# Painting, canvasses and where to get stuff



## sapphira (Mar 24, 2003)

Am finding that canvasses bought either stretched or solid backed at Walmart are not squared off and won't fit frames of same size. The solid backed ones are curling when wet with modge podge. Michaels here did not even have size I need. Where can I order from a reputable art supply store. Any recommendations ? Bought an expensive pad of supposedly oil paint and paint not supposed to bleed thru. Sprayed with water to test a piece and it curled and bubbled. Not all art supplies are created equal... I am doing mixed media, and framing it and selling. Pot holders are selling well too, especially cats. I love my crafts, all of them. Beading too !!


----------



## Wolf mom (Mar 8, 2005)

Learn to stretch your own canvasses. It's not hard. The video below is one of many.


----------



## sapphira (Mar 24, 2003)

I know how to do this, and gesso n all. would rather buy the board with canvas. To mainly fit the cheaper frames. The stretched and ready canvases in stores in this area including Roanoke are total cheap crud, and don't even fit the frames sold. Am totally disgusted. Dont want to go into expensive frames either. People want to frame themselves if they like something and buy. I have a very small house, very , and table in living room is all I have. Readymade is my best advantage. 4 young children next door to do crafts with every week. They r my grandchildren, all fostered and adopted with some special needs. i have storage for toys and their crafts which r good for teaching. they r 8,7,6,4. 
I have to pare down all that I own and do. Just wanted to know if anyone has dealt with a decent art supply store. Thanks for your response, very much. If I worked in my shed on canvases, would the gesso dry in 50 degrees and less?


----------



## random (Jul 23, 2020)

In Raleigh we have a pretty good art store: Jerry's Artarama - they have several other locations, maybe one is near you?




__





Locations


See all of our Jerry's Artarama retail locations and find the store near you! Jerry’s Artarama is proud to have locations all across the United States.

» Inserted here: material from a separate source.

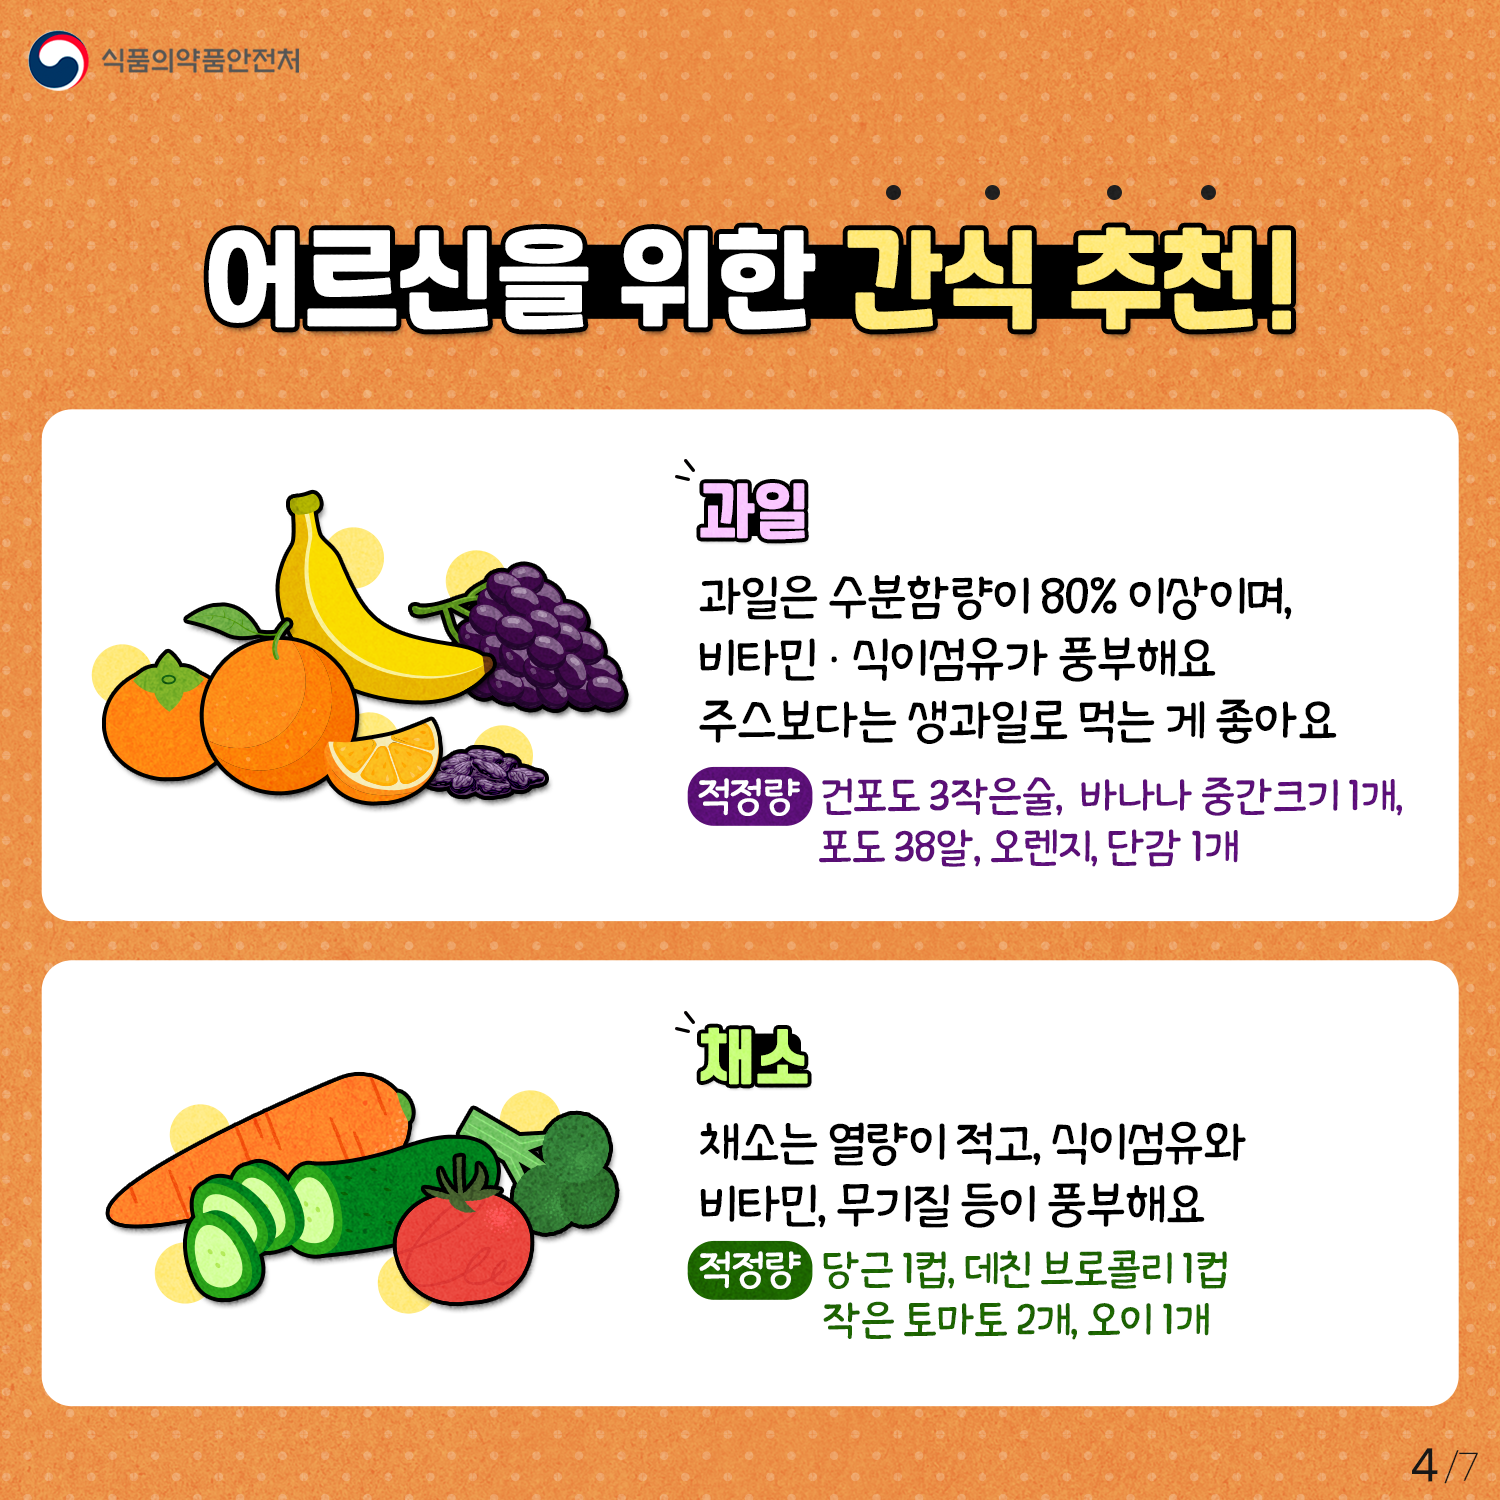 어르신을 위한 간식 추천!- 과일: 과일은 수분함량이 80% 이상이며, 비타민·식이섬유가 풍부해요. 주스보다는 생과일로 먹는게 좋아요.[적정량] 건포도 3작은술, 바나나 중간크기 1개, 포도 38알, 오렌지·단감 1개- 채소: 채소는 열량이 적고, 식이섬유와 비타민, 무기질 등이 풍부해요[적정량] 당근1컵, 데친 브로콜리 1컵, 작은 토마토 2개, 오이 1개

www.jerrysretailstores.com





I have no idea how good their canvases are but maybe they'll have something that suits?


----------



## sapphira (Mar 24, 2003)

Thank you. I will look this up and see if they can send stuff.


----------



## Fishindude (May 19, 2015)

I buy most painting supplies from Blick Art Supplies online, however the local Walmart often has some decent supplies for the acrylic stuff I do. 
Getting to where I prefer painting on hardboard rather than canvas.


----------



## Gayle in KY (May 13, 2002)

If you'd be interested in canvas boards, Dollar General sells them in standard frame sizes.


----------